Abstract

While Rotary Position Embeddings (RoPE) for natural language performs well and has become widely adopted, its adoption for other modalities has been slower. Here, we introduce Lie group Relative position Encodings (LieRE) that goes beyond RoPE in supporting higher dimensional inputs. We evaluate the performance of LieRE on 2D and 3D image classification tasks and observe that LieRE leads to marked improvements in performance (up to 6%), training efficiency (3.5x reduction), data efficiency (30%) compared to the baselines of RoFormer, DeiT III, RoPE-Mixed and Vision-Llama.

Summary

This paper examines how to encode spatial information for transformers. LieRE proposes a method of encoding positions in \(\mathbb{R}^d\) as high dimensional rotations that outperforms state of the art techniques on both 2D and 3D data.
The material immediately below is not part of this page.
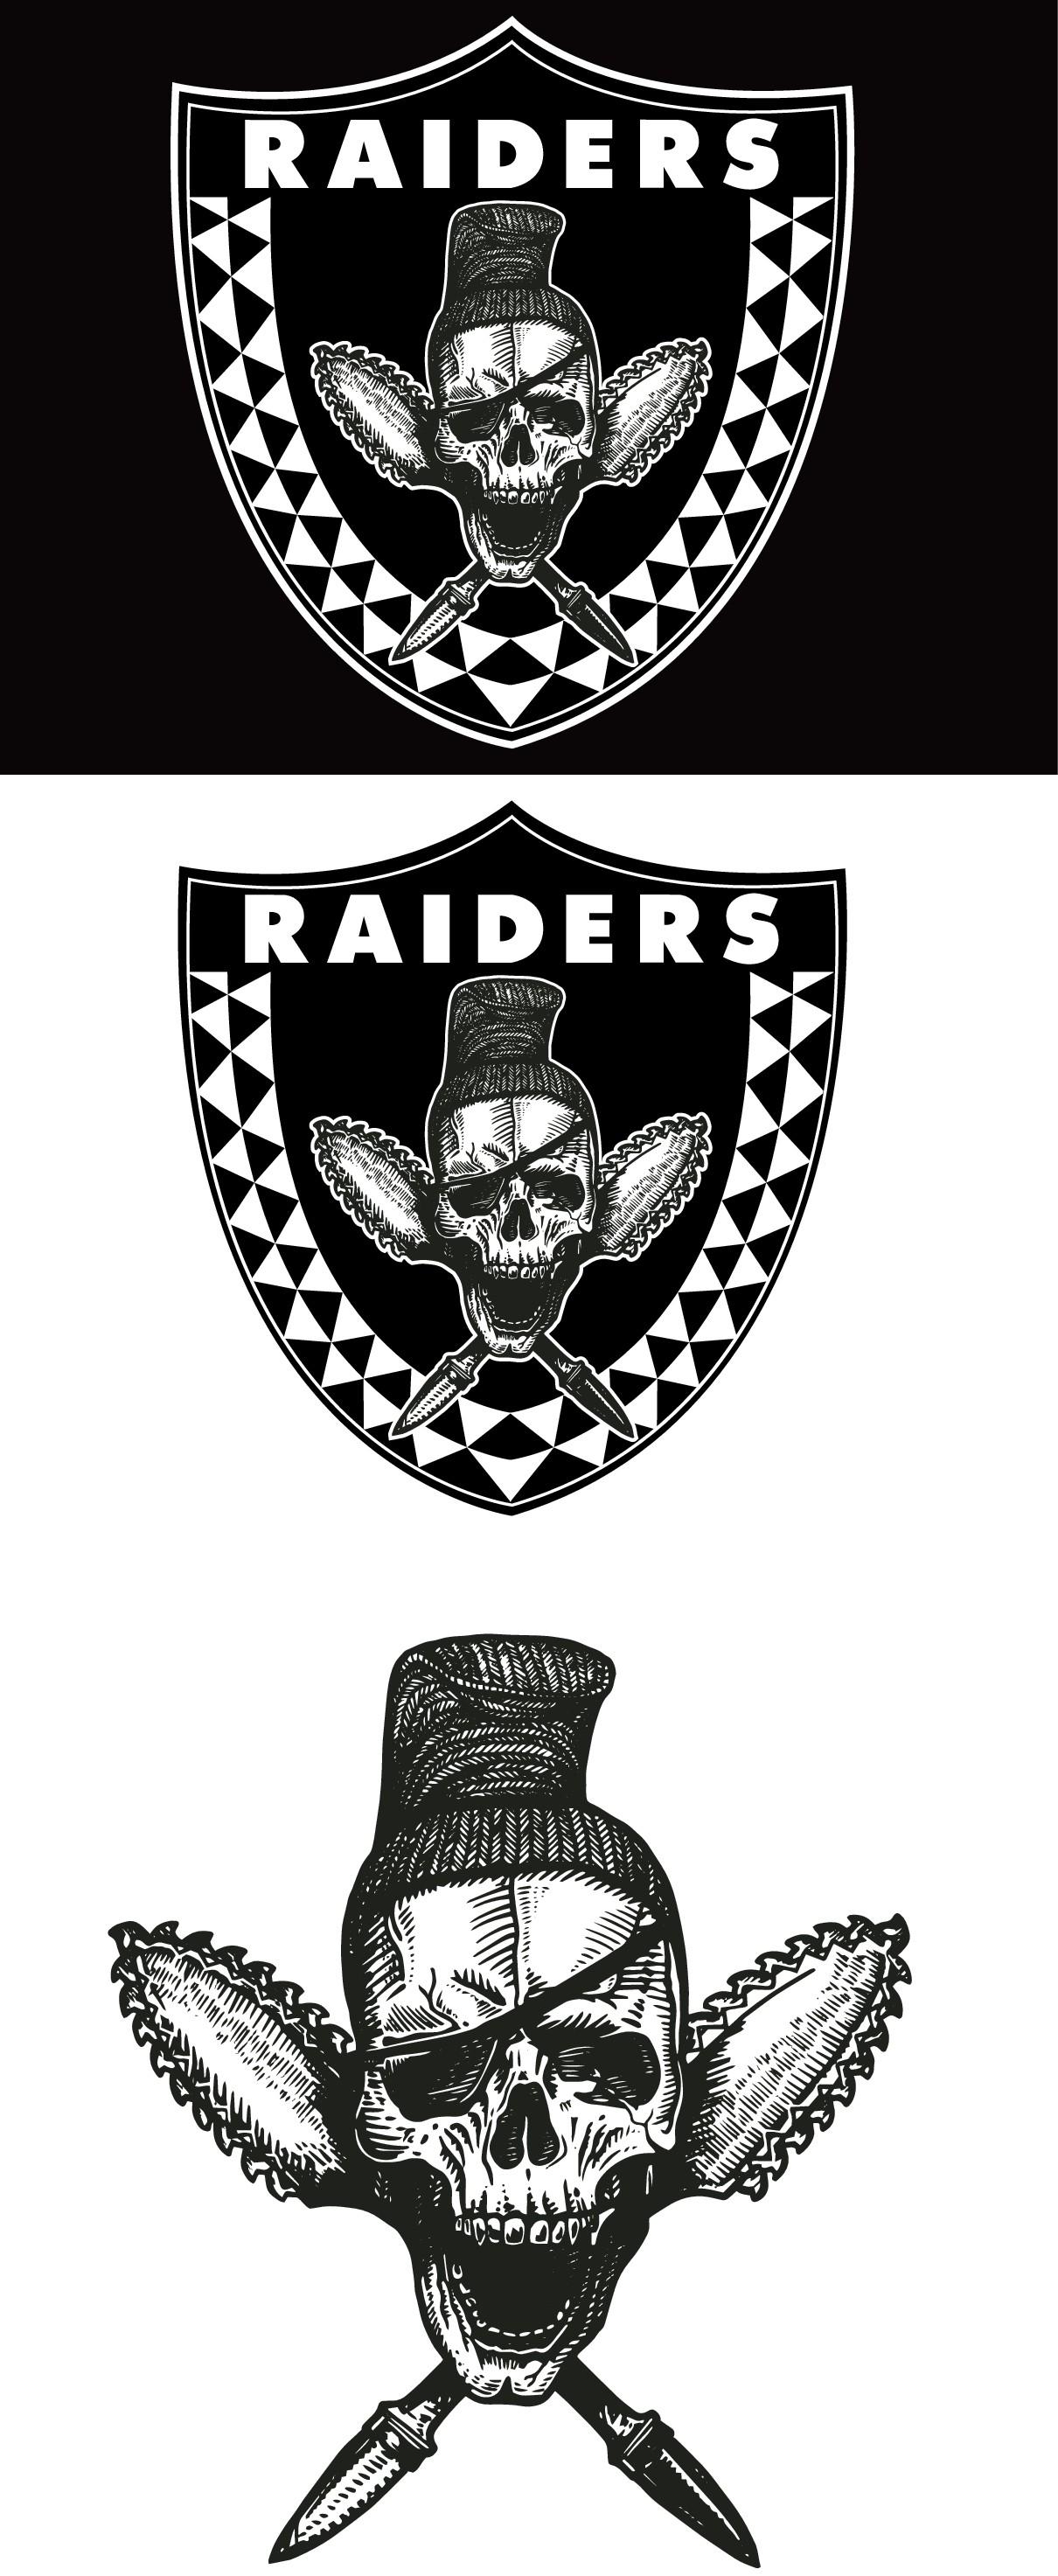 Hawaii fighters-raiders logo

LieRE replaces the RoPE block-diagonal rotation matrix with a dense, high dimensional rotation computed as \(R=\exp(Ax)\) where \(x\) denotes the position of the token and \(A\) is a learnable linear map to skew symmetric matrices and \(\exp\) denotes the matrix exponential. The Lie group structure of high-dimensional rotations ensures R is a rotation, and thus orthogonal, and inverted in the course of the inner product of the attention mechanism. We also show that the small amount of learnable capacity introduced by \(A\) improves performance, showing that marginal increases in the number of learnable parameters of \(A\) result in improved performance, allowing the model to learn how to better use positional information.